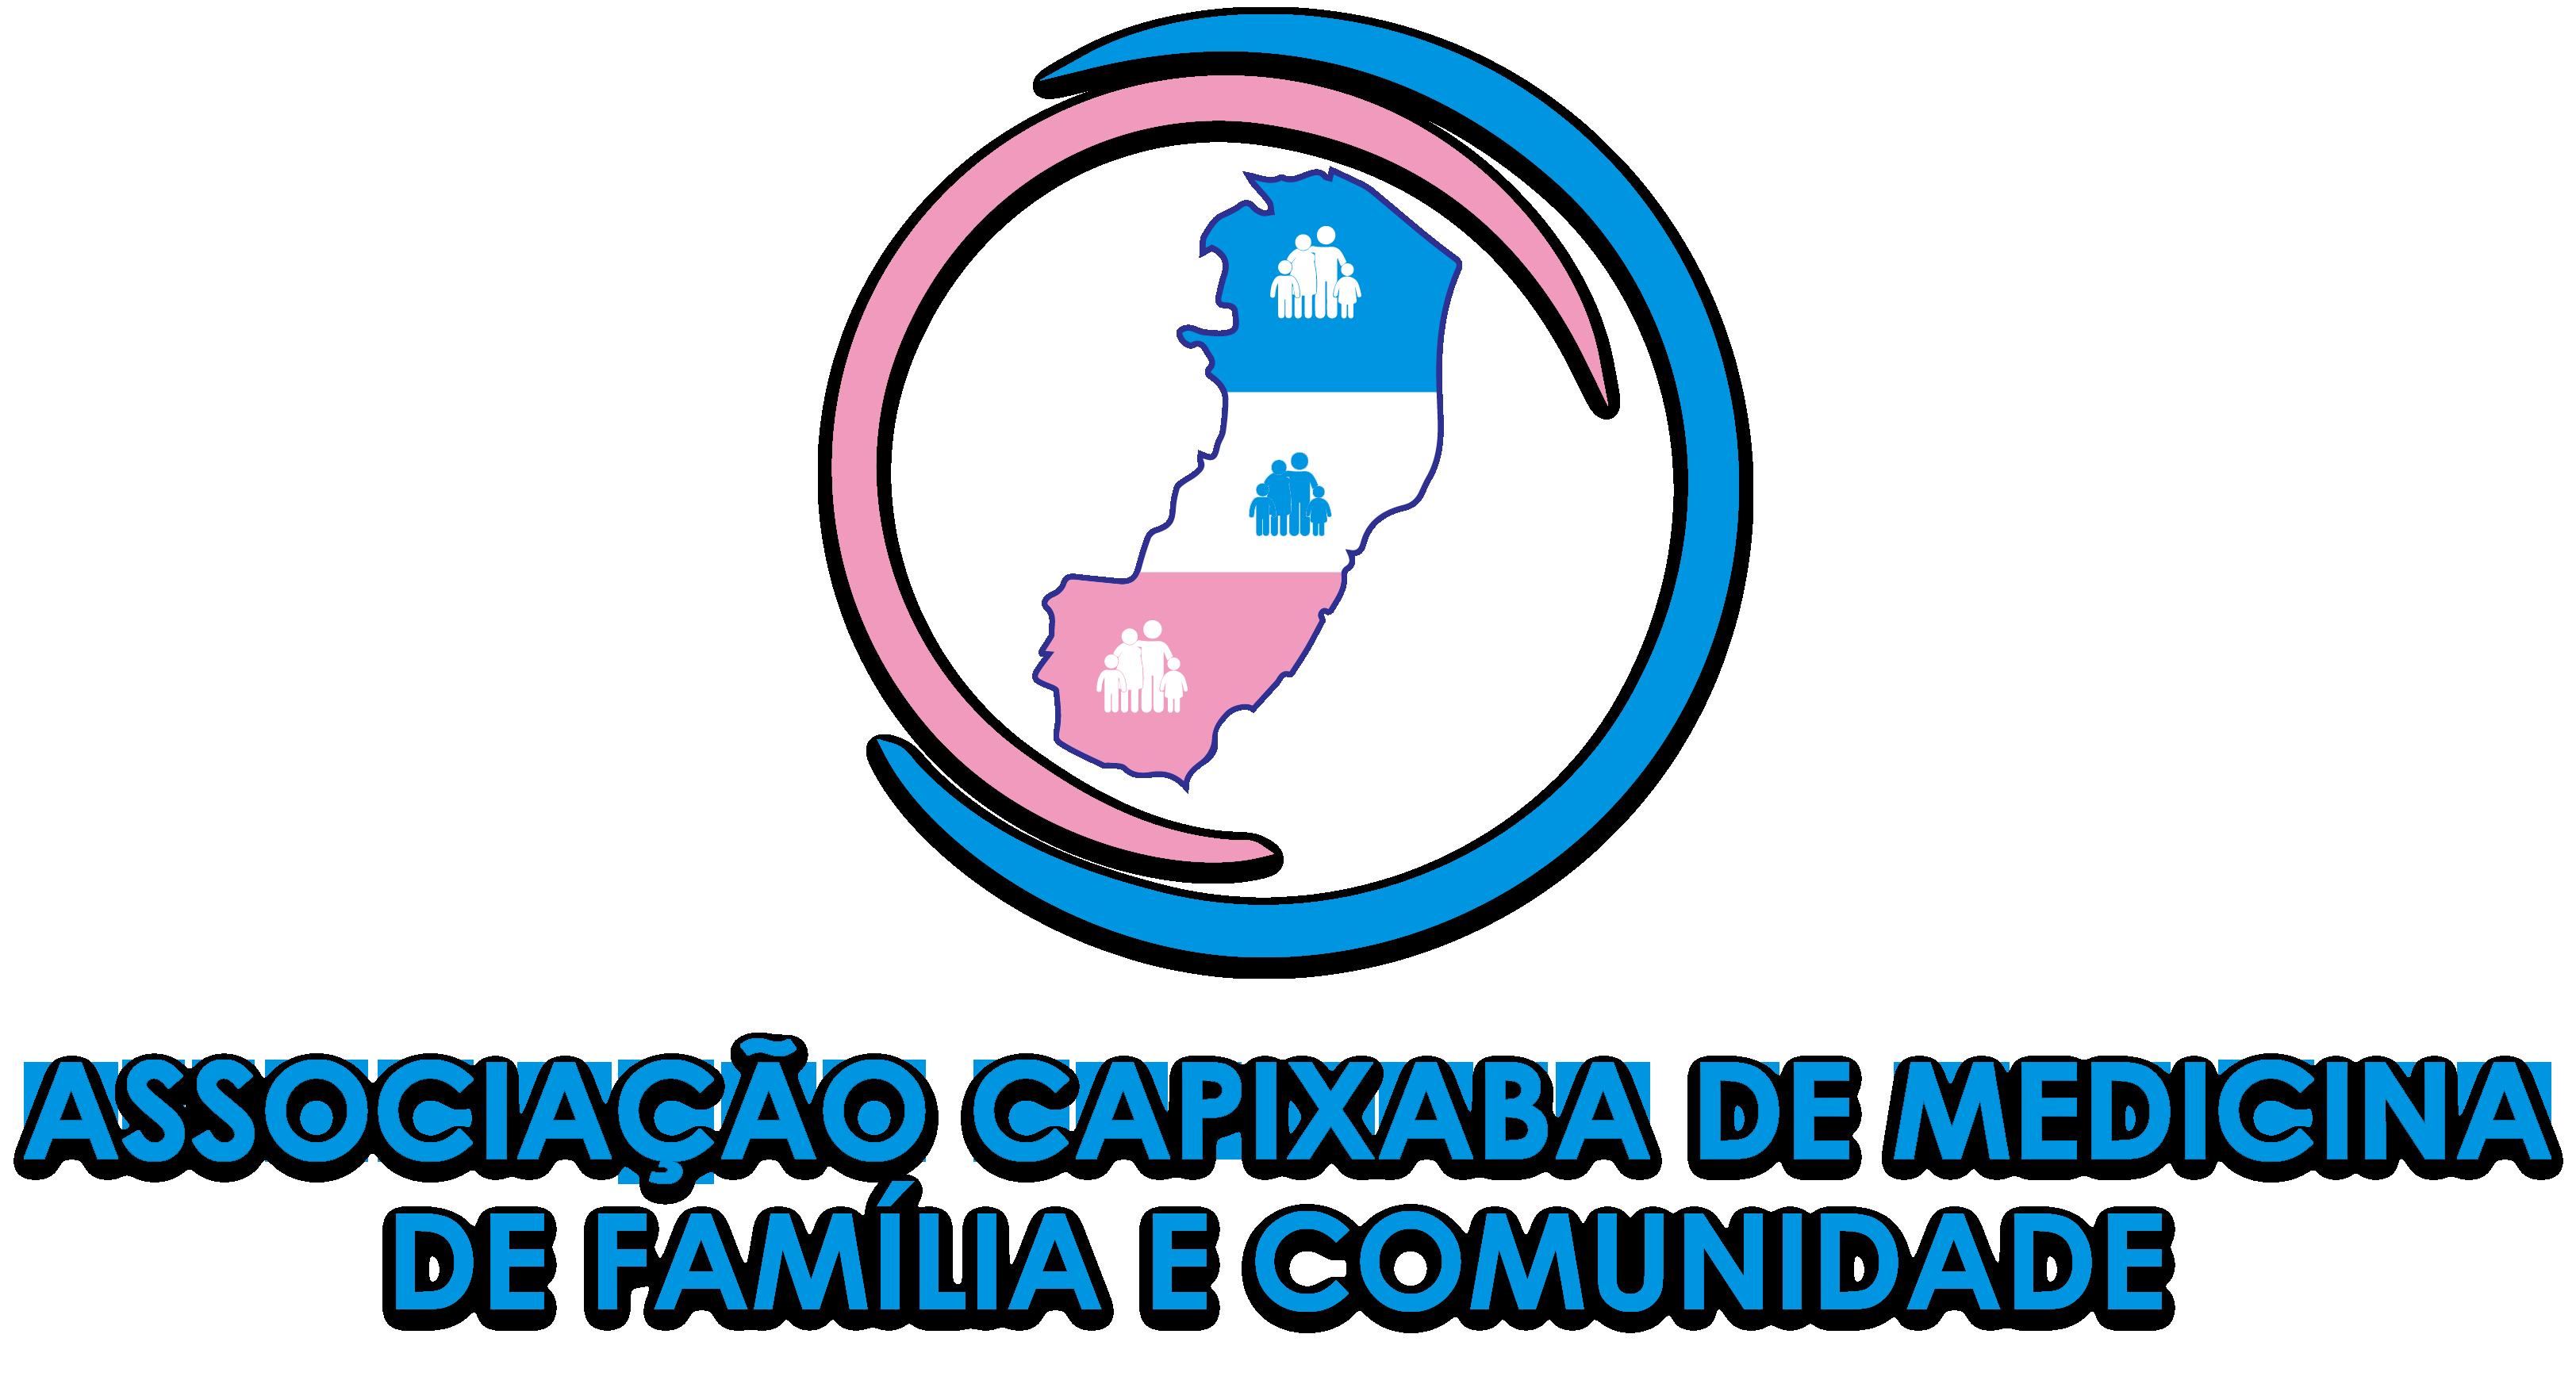 Logomarca da Associação Capixaba de Medicina de Família e Comunidade
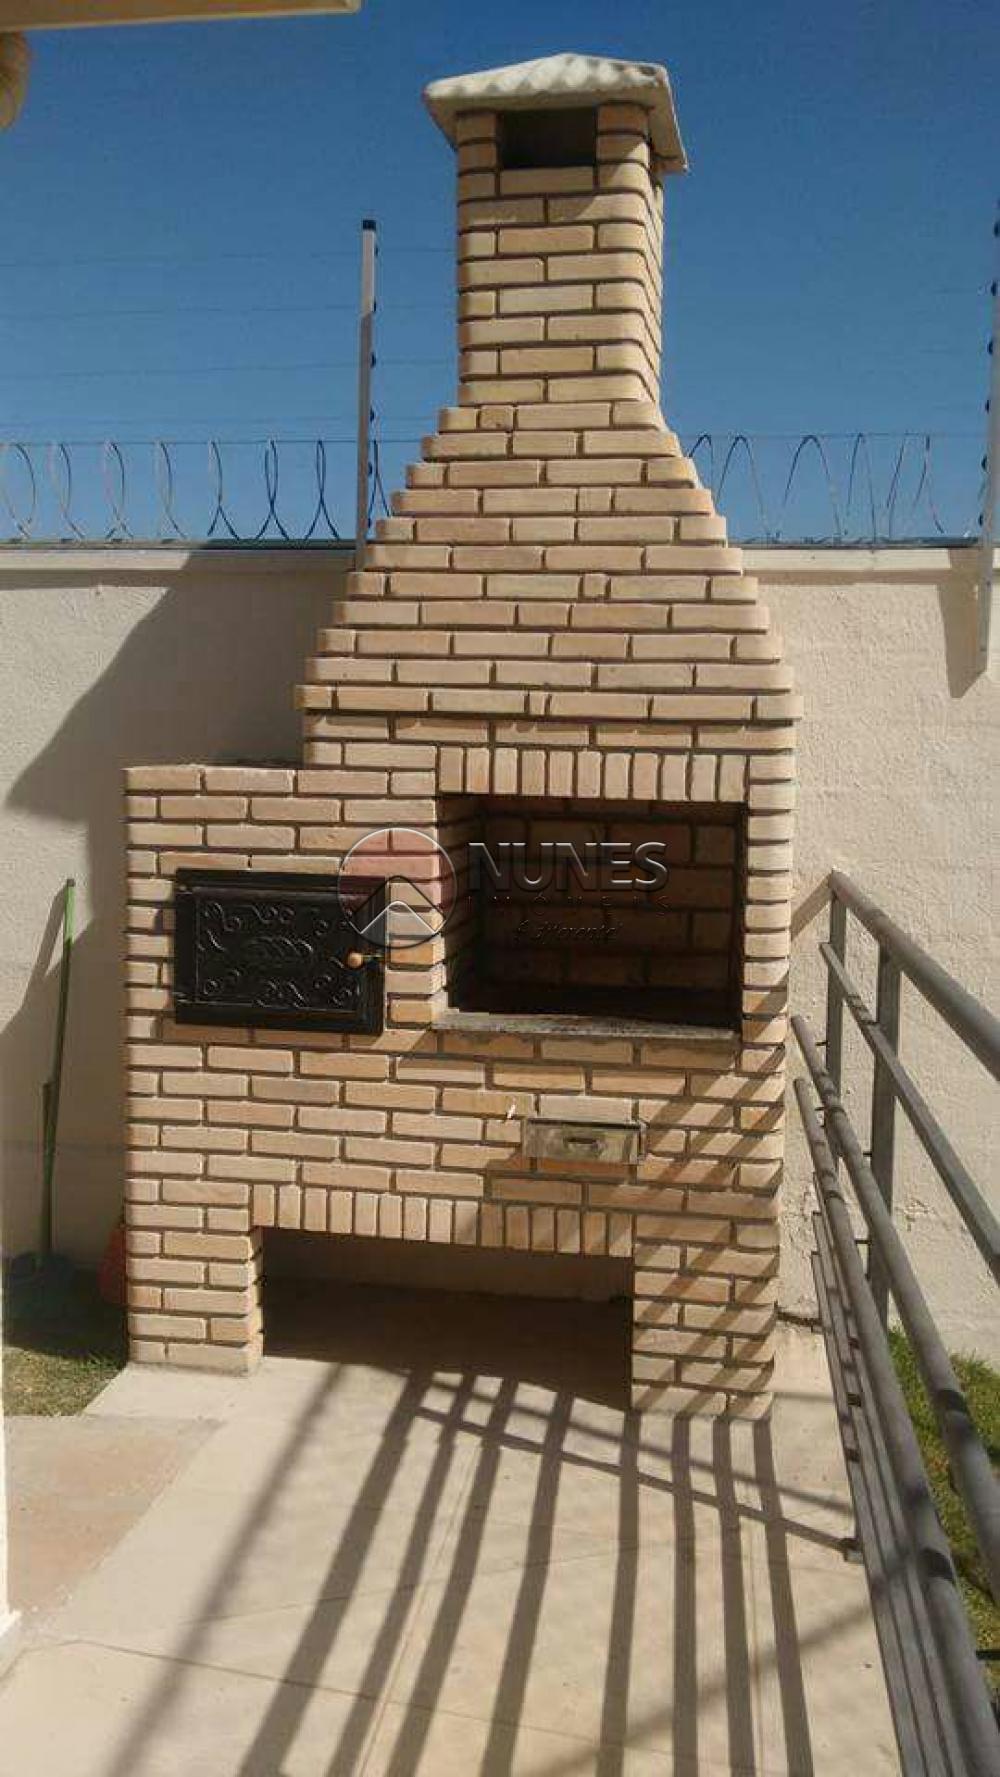 Comprar Apartamento / Padrão em Carapicuíba apenas R$ 180.000,00 - Foto 11
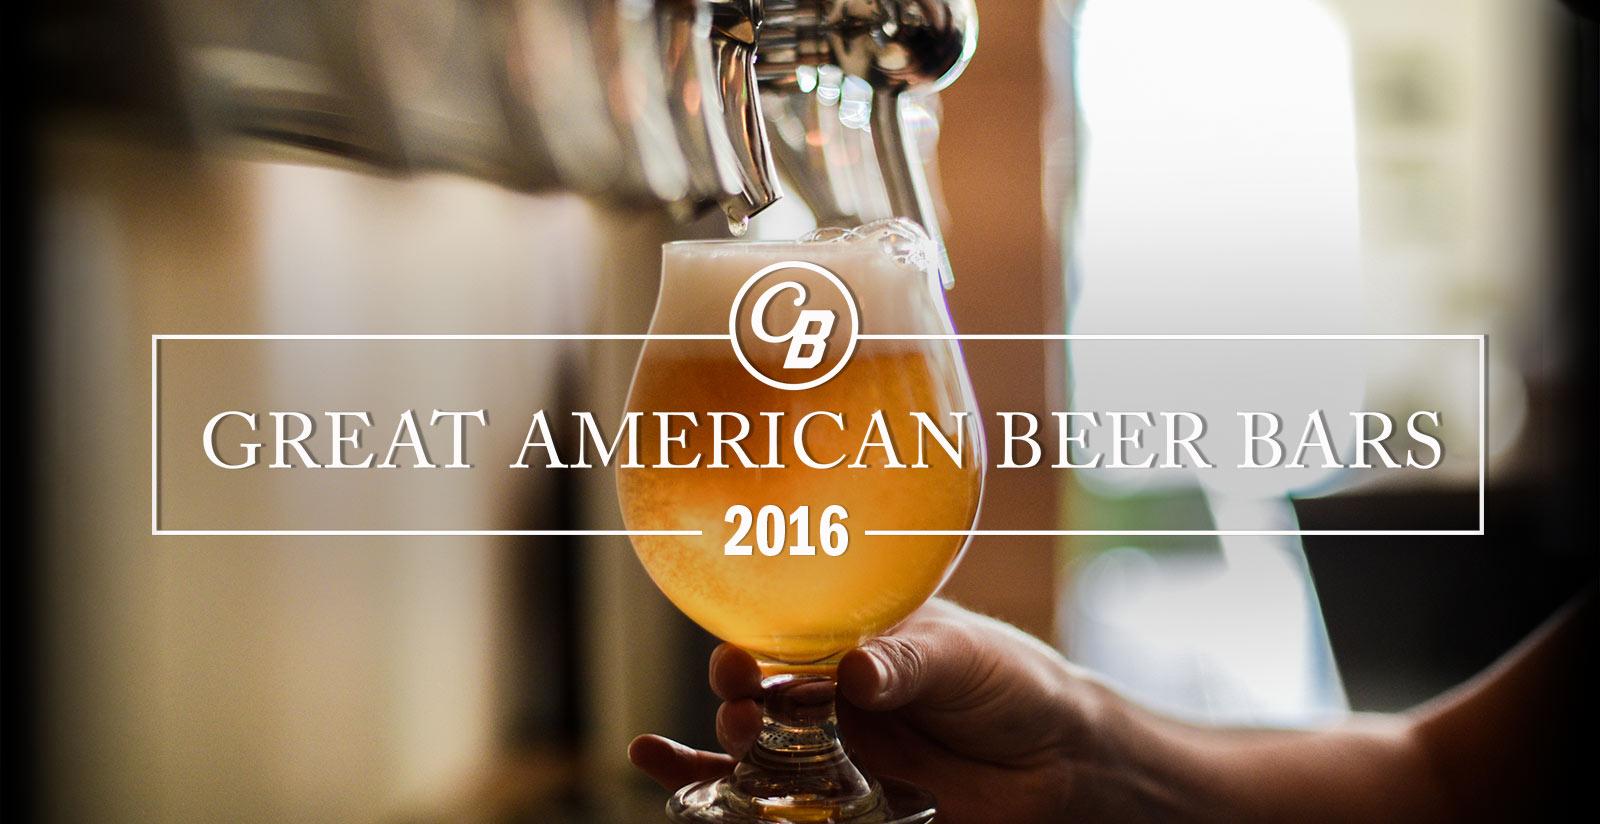 Great American Beer Bars 2016

WHAT IS REQUIRED: Copy exactly, and only, the lines from the line containing "Comprar Apartamento /" through the final line of the material above, with no pictures.

OUTPUT BELOW:
 Comprar Apartamento / Padrão em Carapicuíba apenas R$ 180.000,00 - Foto 11
 Great American Beer Bars 2016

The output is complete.